Anwerbung von Frauen iranischer Herkunft in Israel
Daraus wurde nichts. Wie auch eine Reihe von Aufträgen offenbar unerledigt blieben. Etwa die Fotos der US-Botschaft kamen nicht zustande. Der Auftraggeber gab aber nicht auf. Er liess den Frauen sogar Honorare zukommen, wenn eine von ihnen in die Türkei reiste. Keine fürstlichen Honorare, sondern eher ein Taschengeld. Aber offenbar doch genug, um die ungewöhnliche Arbeitsbeziehung aufrechtzuerhalten. Misstrauisch wurde offenbar der Mann einer der vier Frauen: Als Taxifahrer war er seiner Frau behilflich, zur Filiale der US-Botschaft zu gelangen, die geforderten Fotos kamen aber offenbar nicht zustande. Dafür wird der zu erwartende Prozess nicht nur gegen die vier Frauen, sondern auch gegen den Fahrer geführt werden.
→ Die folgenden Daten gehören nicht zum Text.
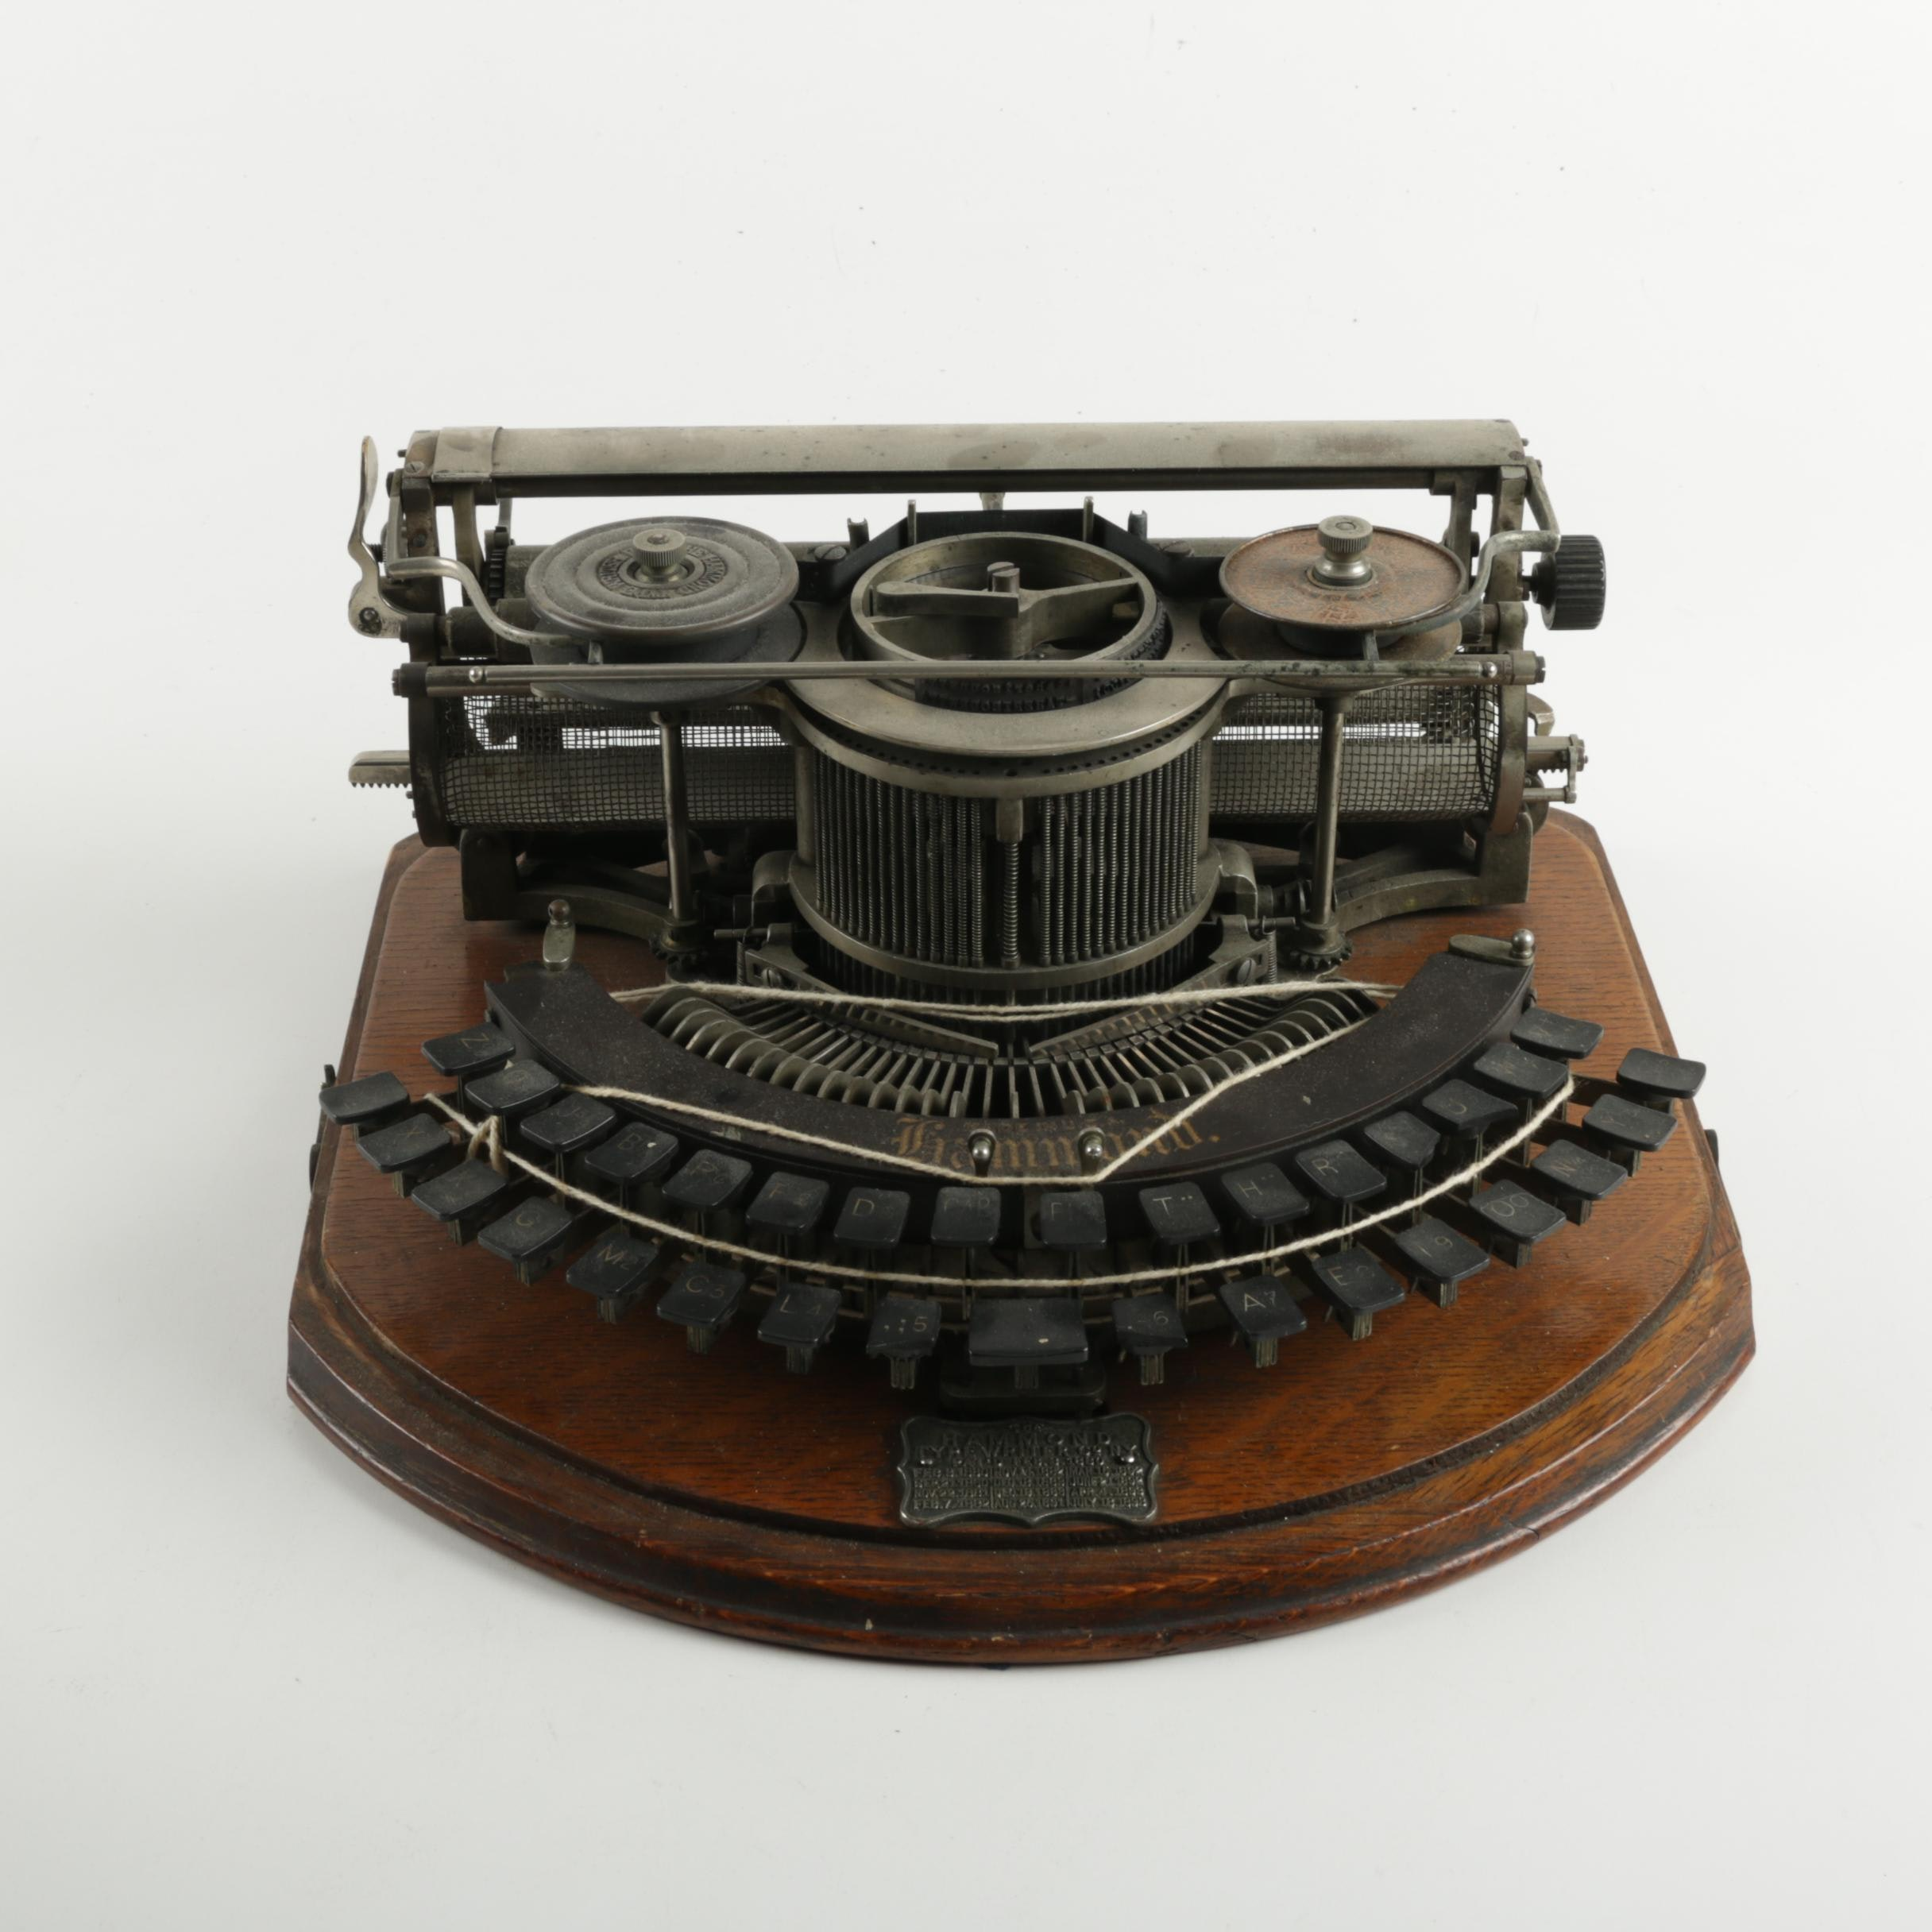 Hammond Typewriter 1b by James Hammond c.1880s

Wie der Prozess für die Gruppe enden wird, kann jetzt noch nicht prognostiziert werden. Zumal solche Fälle bisher einsame Ausnahme sind in Israel. Trotz der Behauptung des Geheimdienstes, man habe schon wiederholt Versuche des Iran vereitelt, in Israel Agenten zu finden oder zu platzieren. Bekannt ist allein der Fall eines ehemaligen Ministers, Gonen Segev, der vor drei Jahren zu elf Jahren Gefängnis wegen Spionage für den Iran verurteilt wurde. Dieser Fall ist aber eine klare Ausnahme: Segev war nicht nur Arzt, Abgeordneter und Energieminister, er war auch als Drogenschmuggler verurteilt worden und behauptete offenbar in seinem Spionageprozess, er habe gehofft, Doppelagent zu werden.
Solche Hoffnungen lagen und liegen den vier Frauen fern, um die es jetzt geht. In den israelischen Medien geht man vielleicht deswegen so rücksichtsvoll mit ihnen um und behandelt sie wie «Grossmütter in ihren 50ern». Dabei sind sie erst 47 Jahre alt.